[Start of section]
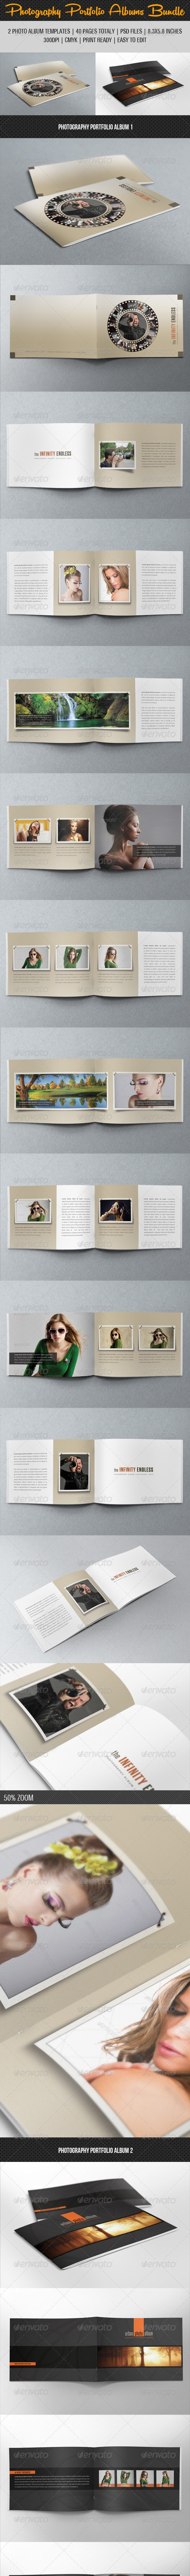 2 in 1 Photography Portfolio Album Bundle 02 - Photo Albums Print Templates
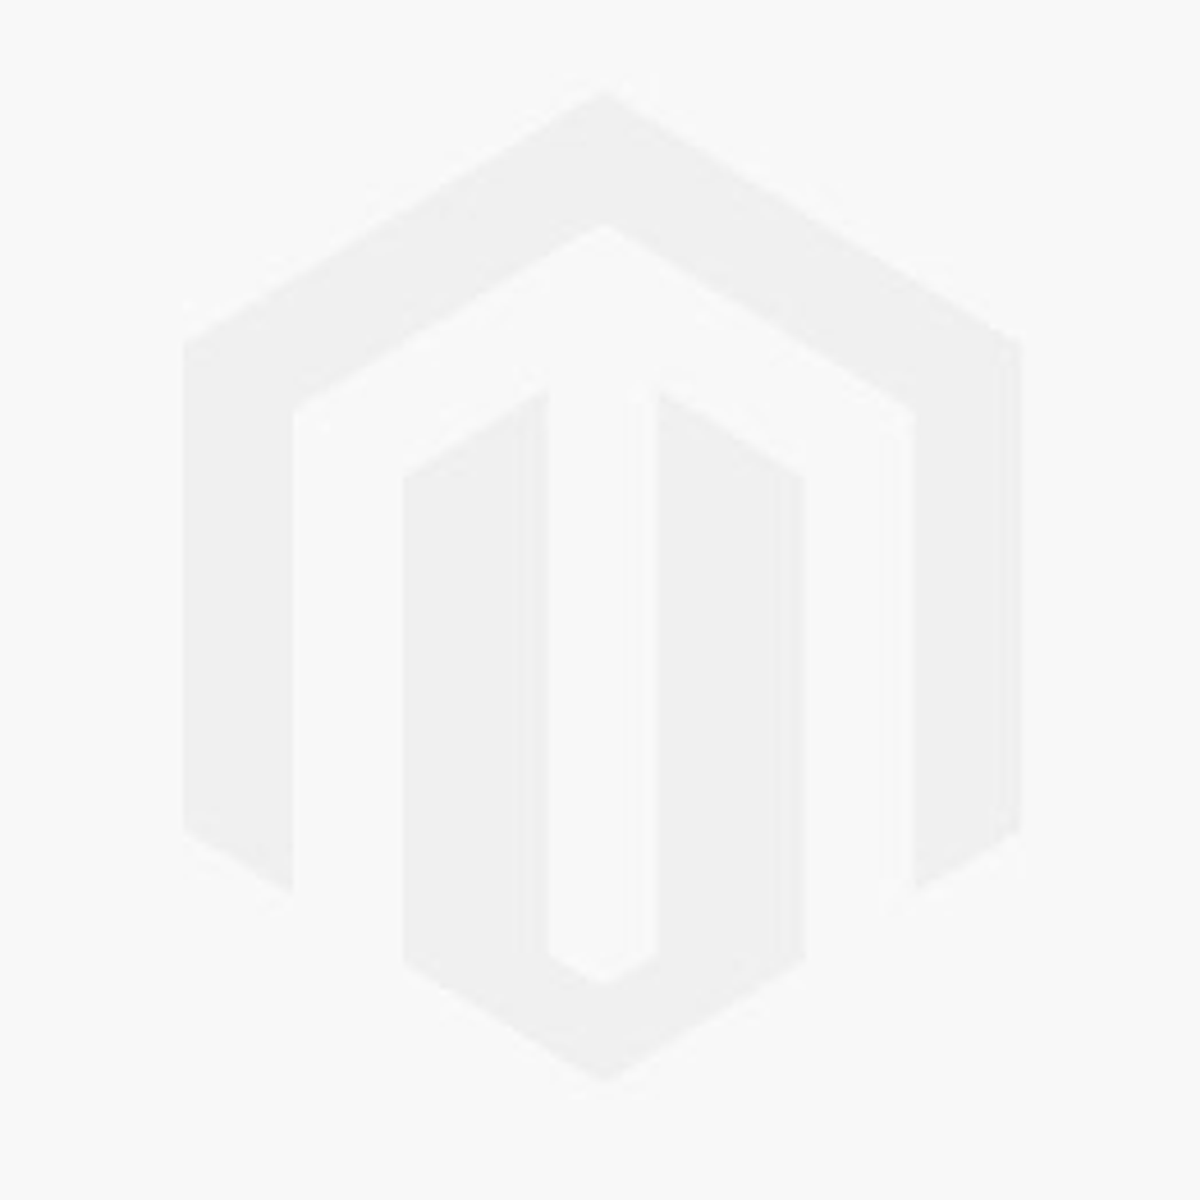 Blooming Hawaiian Linen Shirt - White/Blue
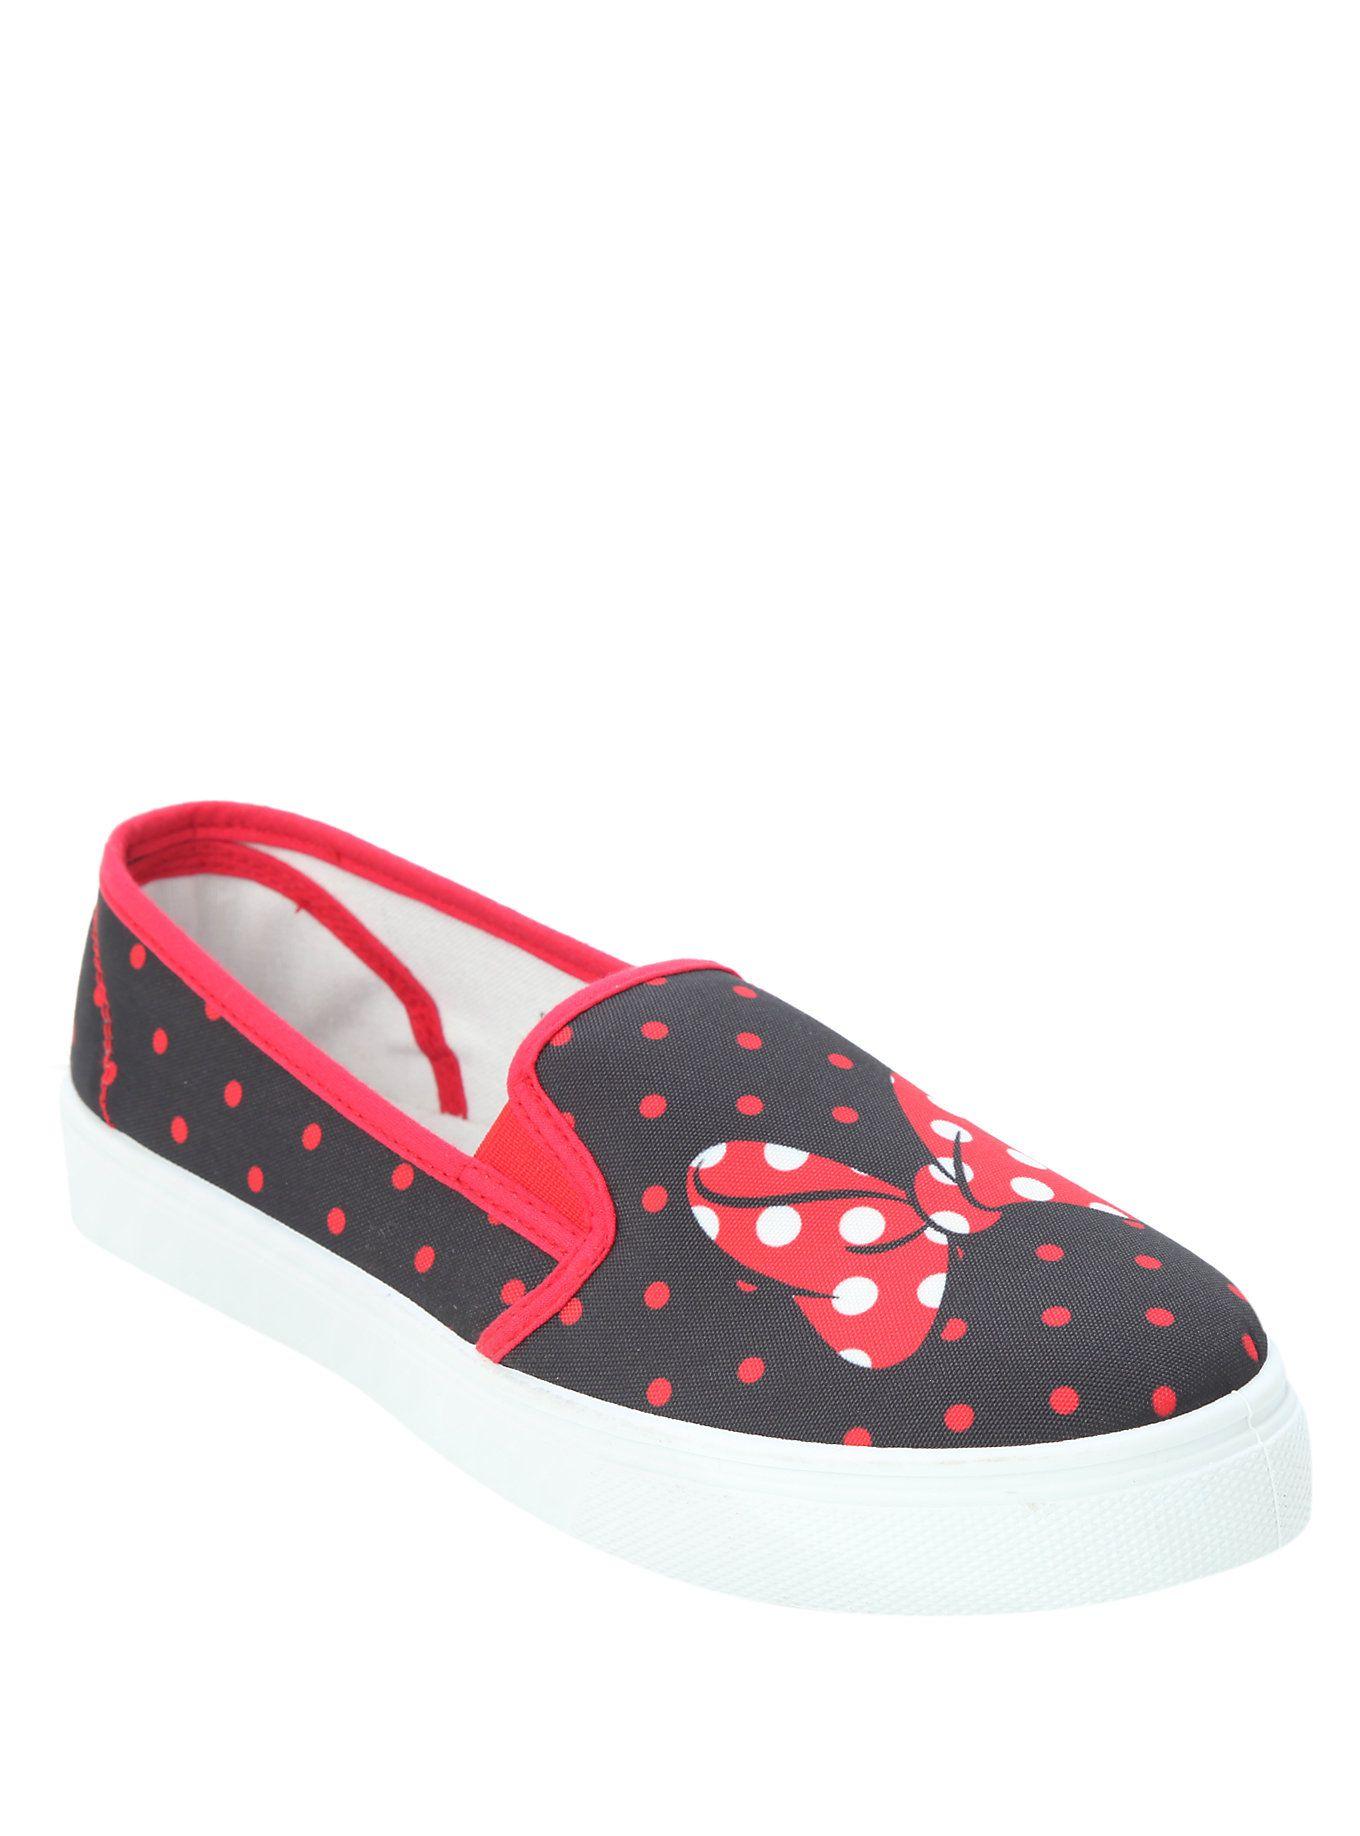 Disney Minnie Mouse Slip-On Sneakers, BLACK
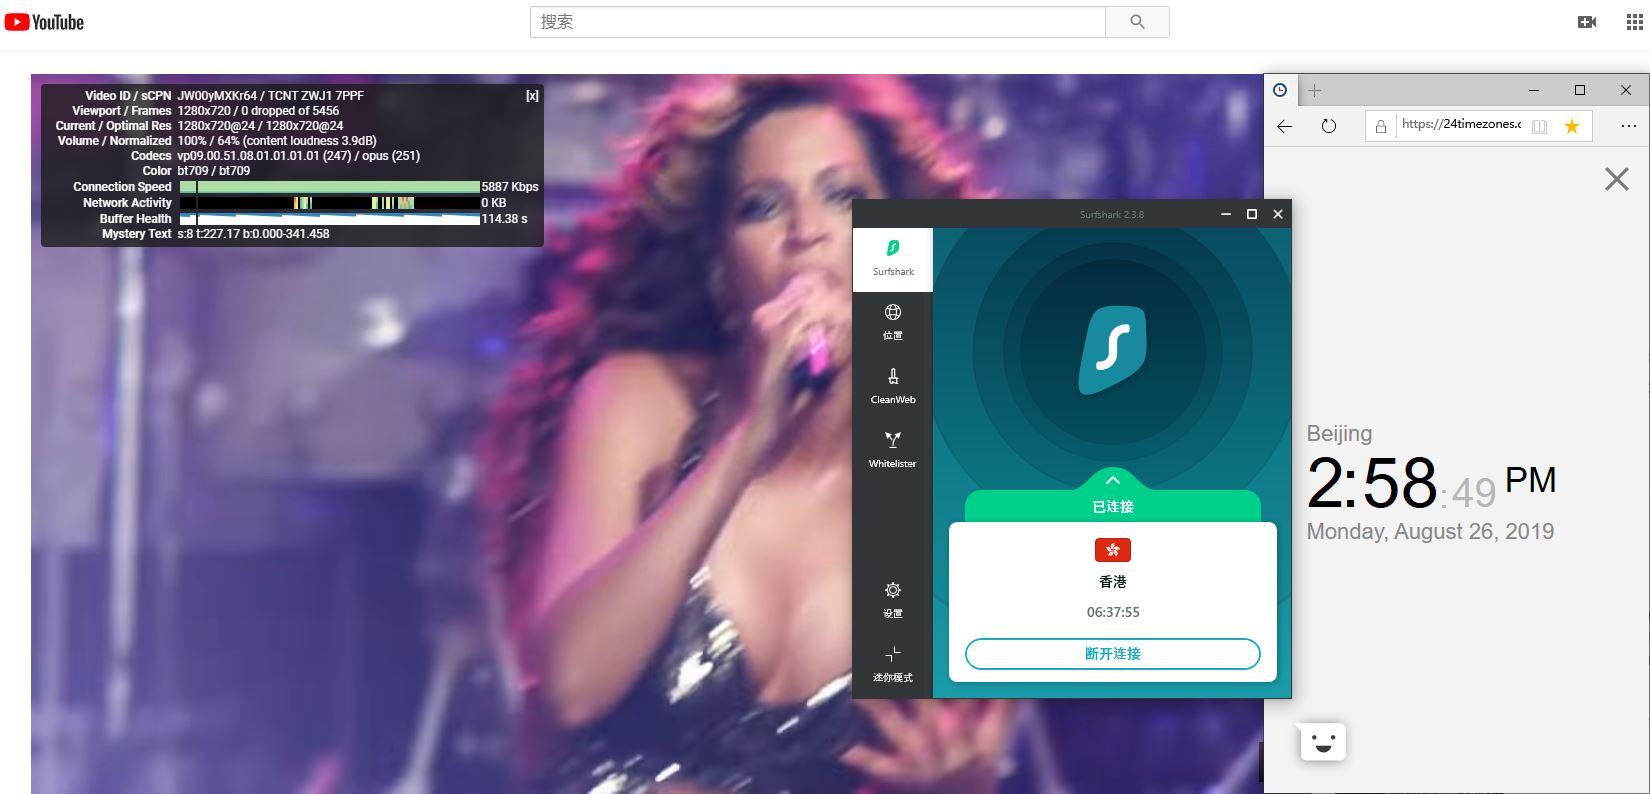 surfshark vpn windows 香港服务器 中国翻墙 科学上网 YouTube速度测试-20190826
[End of section]
### [What you are asked to do]
Reproduce the data above in full, exactly as it is, with the pictures left out.

### [Response to this task]
 2 in 1 Photography Portfolio Album Bundle 02 - Photo Albums Print Templates
 Blooming Hawaiian Linen Shirt - White/Blue
 Disney Minnie Mouse Slip-On Sneakers, BLACK
 surfshark vpn windows 香港服务器 中国翻墙 科学上网 YouTube速度测试-20190826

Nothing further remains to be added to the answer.